_Data shown_:
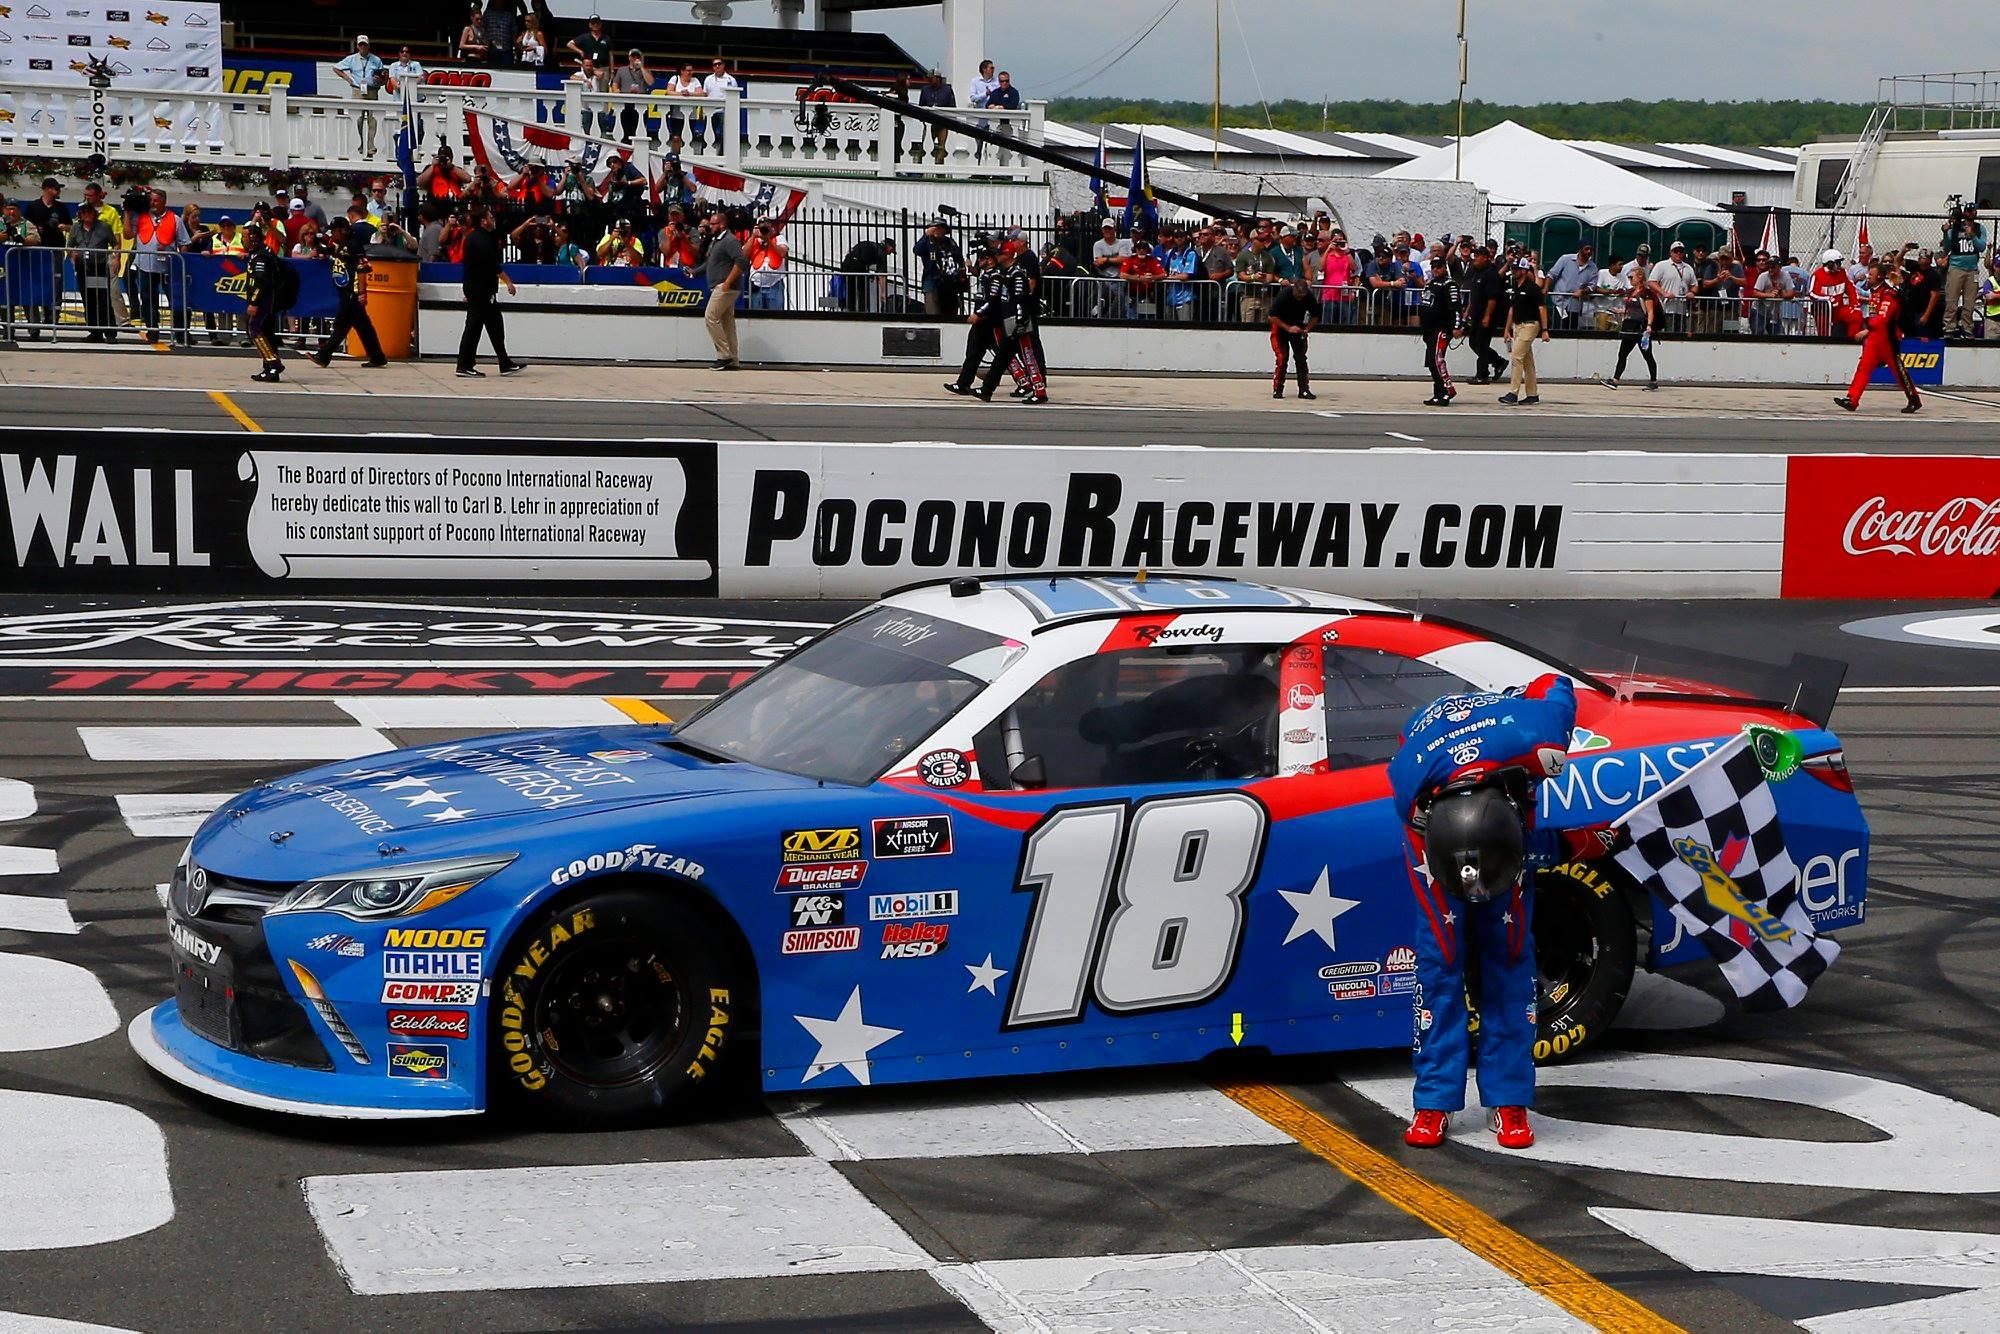 Kyle Busch bows for the Pocono Raceway crowd
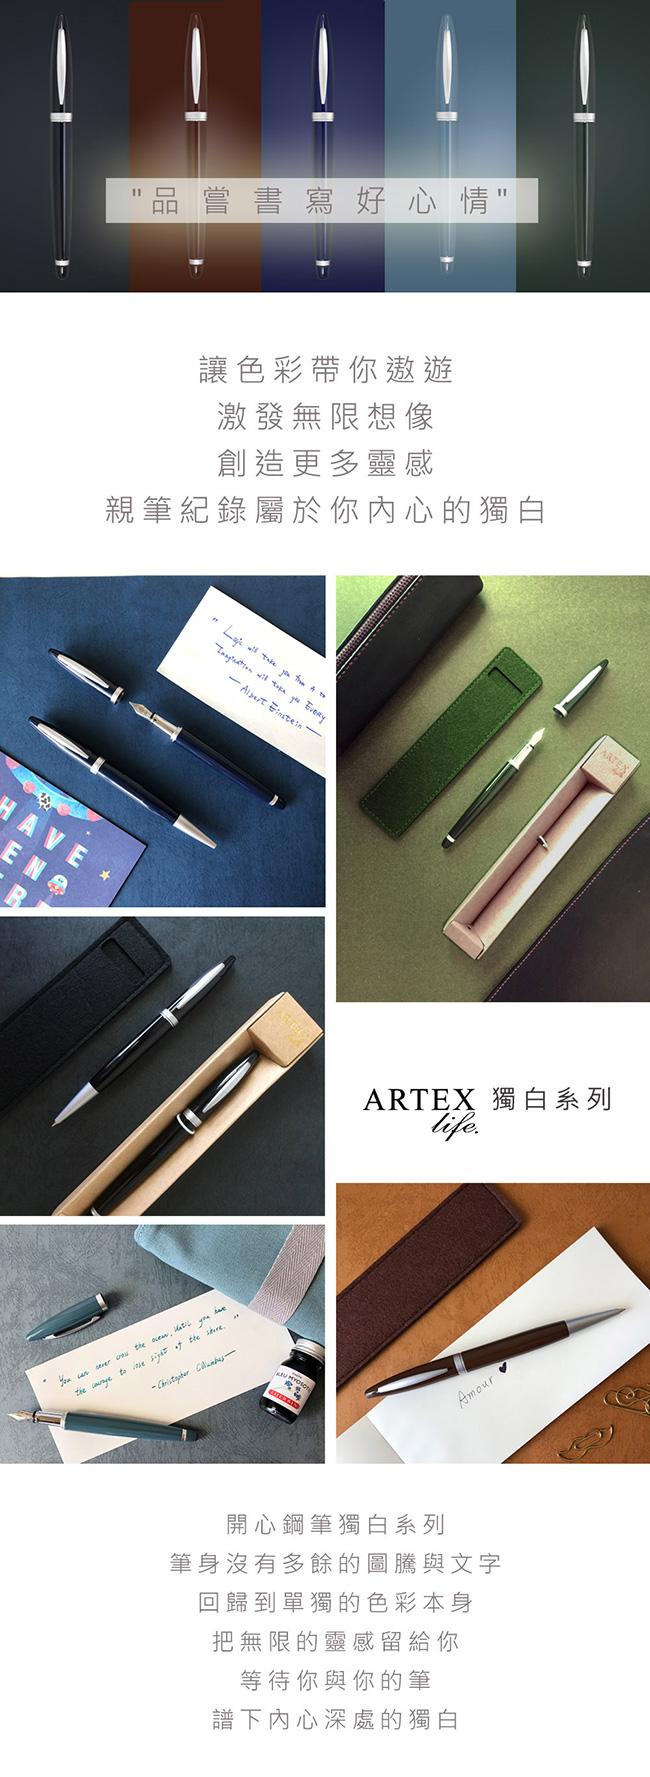 ARTEX| 開心鋼筆-海上航行
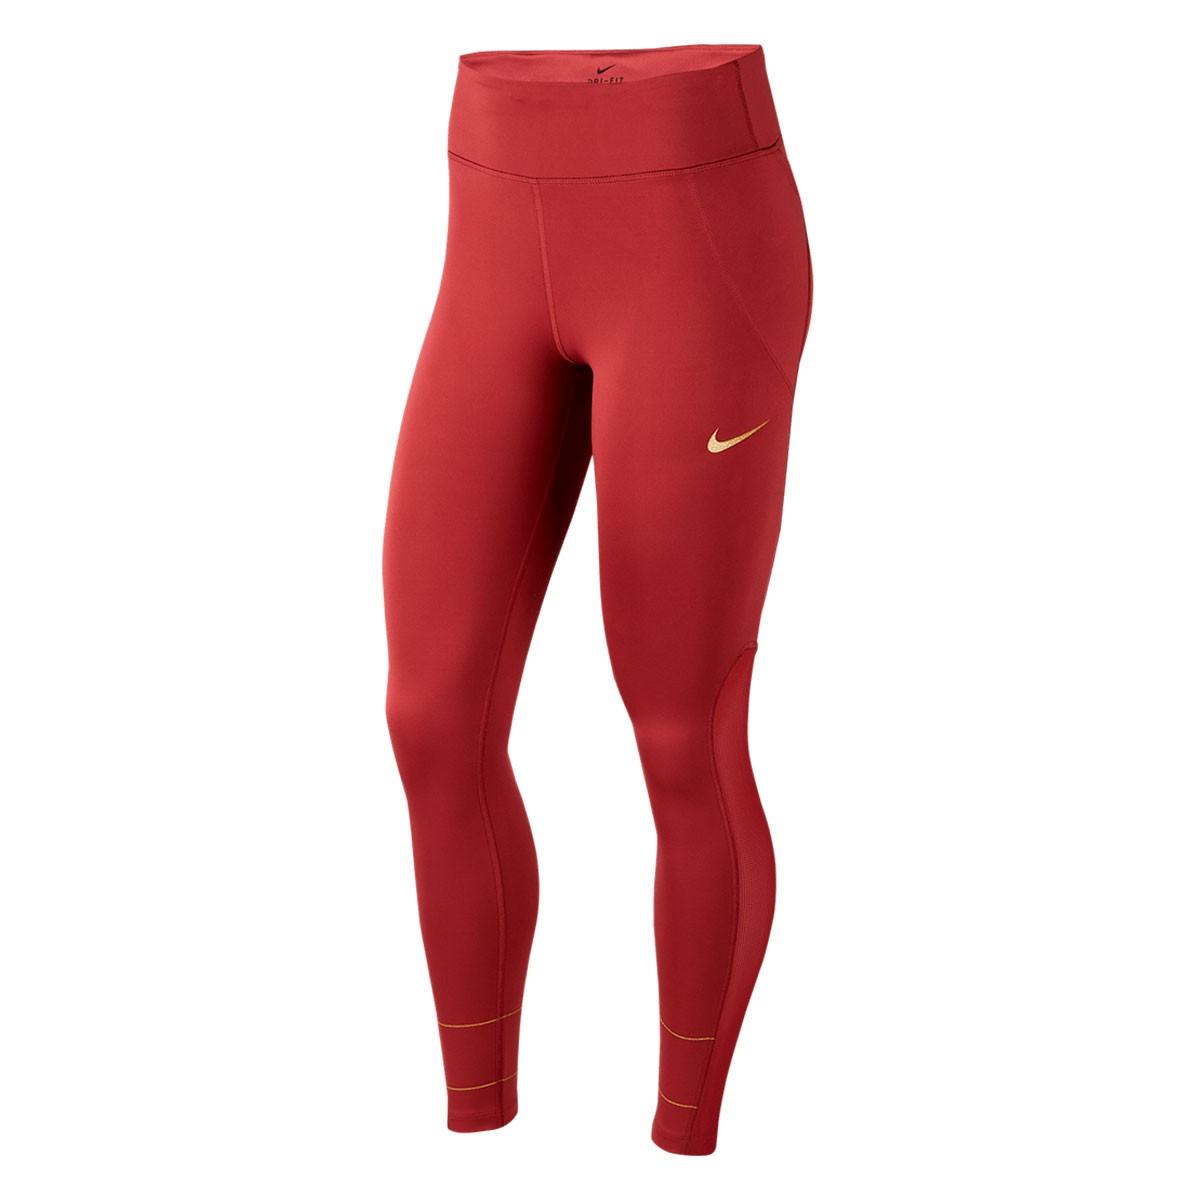 Calça Nike Fast Tight Glam Dunk Feminino Vermelho
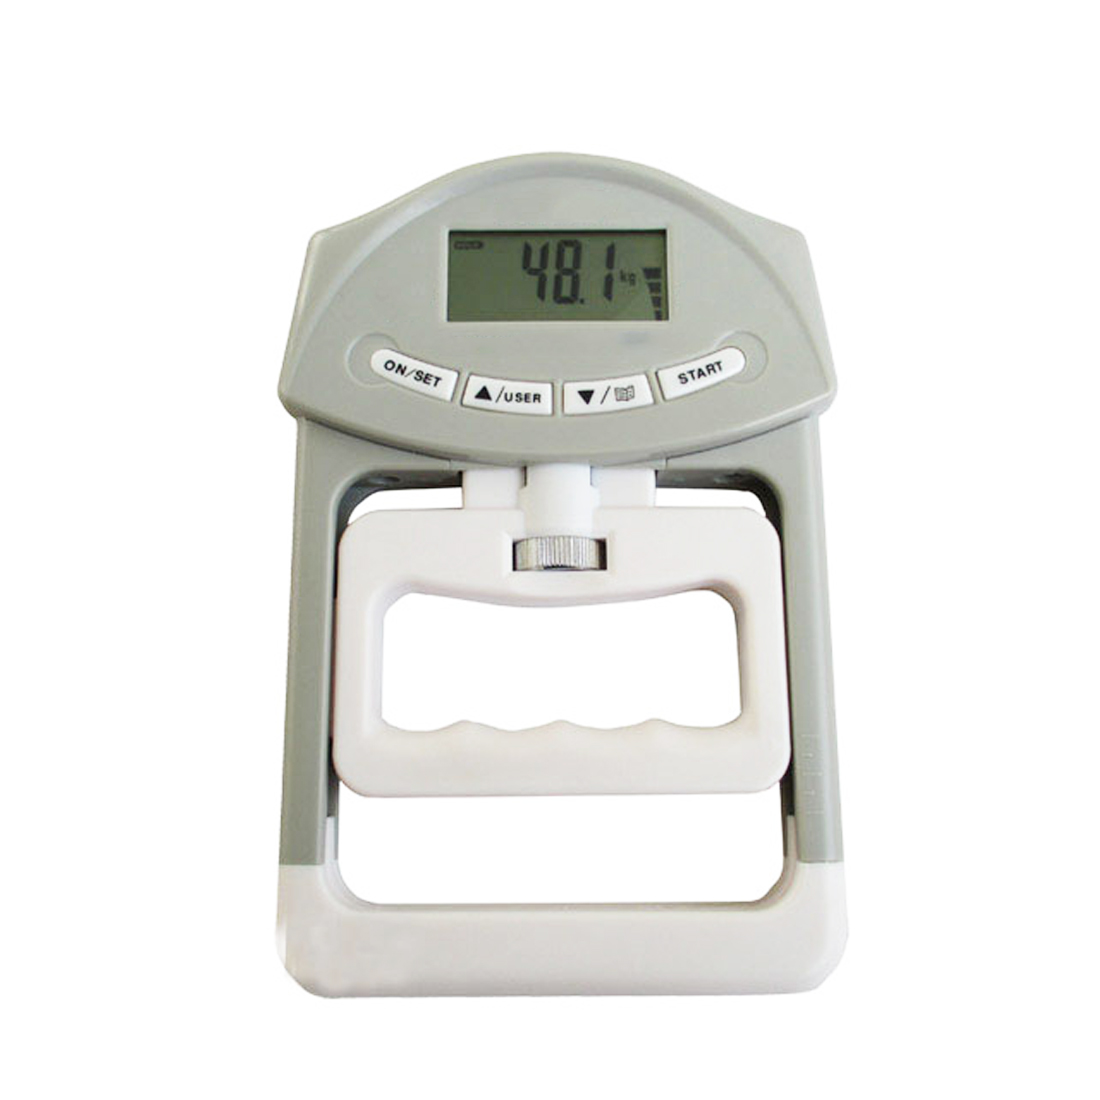 Measurement Strength Meter for Body Building Gym Exercises 90kg/198Ib Digital LCD Dynamometer Hand Grip Power basketball
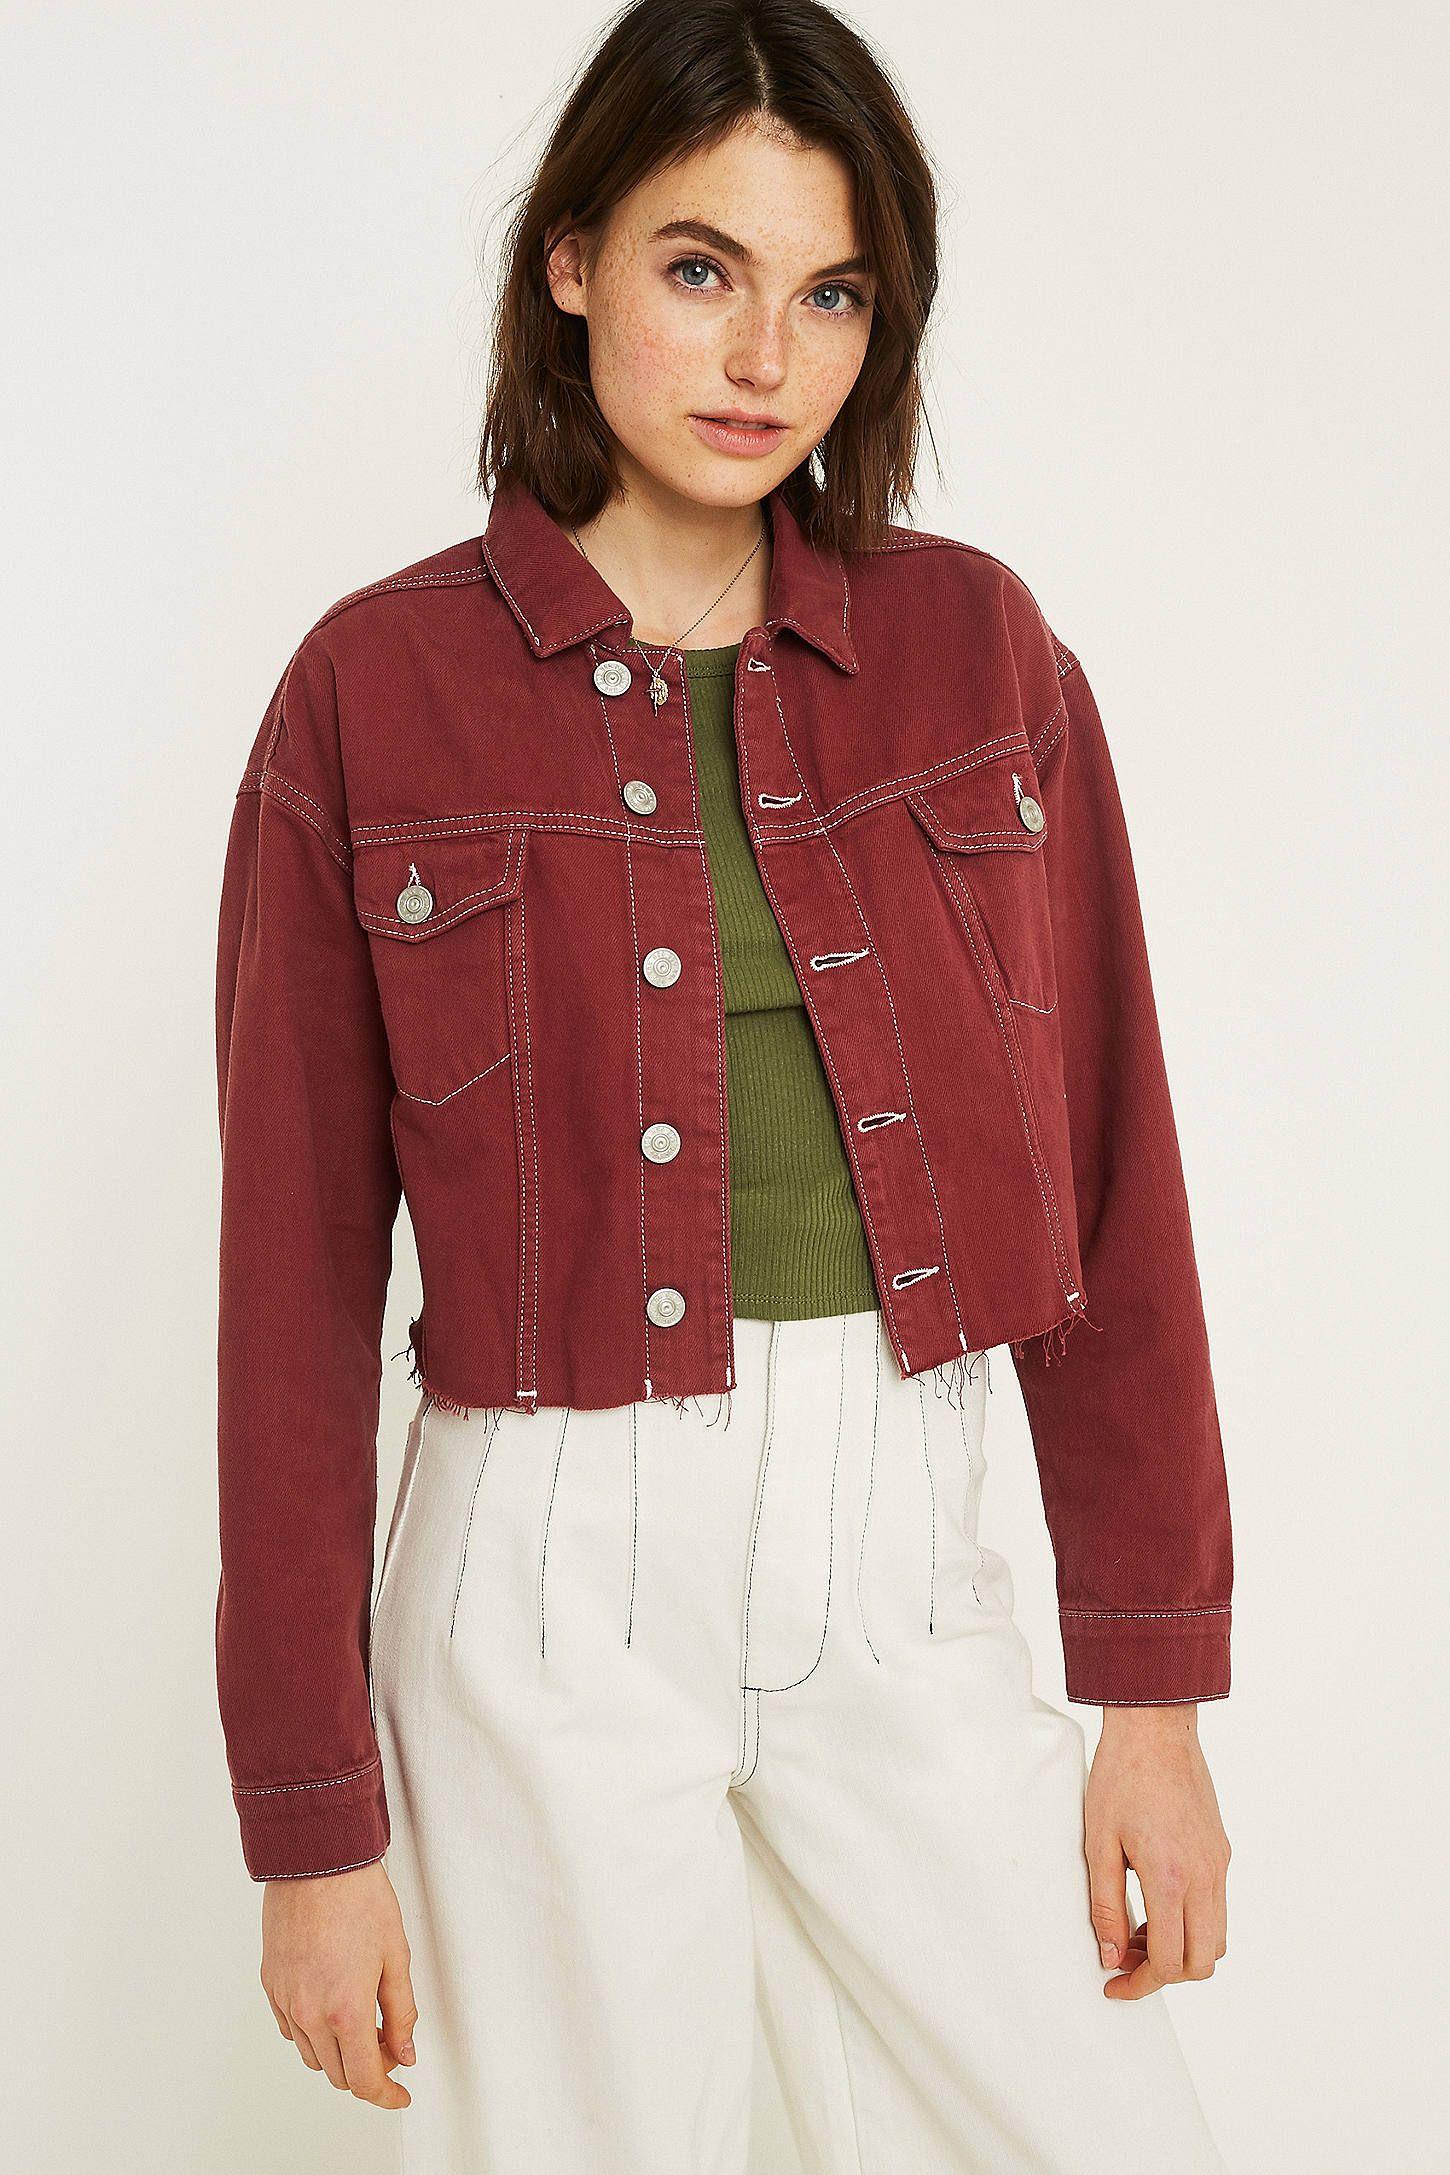 c491cfd0debf1 UO Contrast Stitch Pink Crop Denim Jacket | Fashion | Cropped denim ...

_Task_: Copy out all of the material exactly as written, without its pictures.

_Response to the task_:
 Kyle Busch bows for the Pocono Raceway crowd
 ARTEX| 開心鋼筆-海上航行
 Calça Nike Fast Tight Glam Dunk Feminino Vermelho
 Measurement Strength Meter for Body Building Gym Exercises 90kg/198Ib Digital LCD Dynamometer Hand Grip Power basketball
 c491cfd0debf1 UO Contrast Stitch Pink Crop Denim Jacket | Fashion | Cropped denim ...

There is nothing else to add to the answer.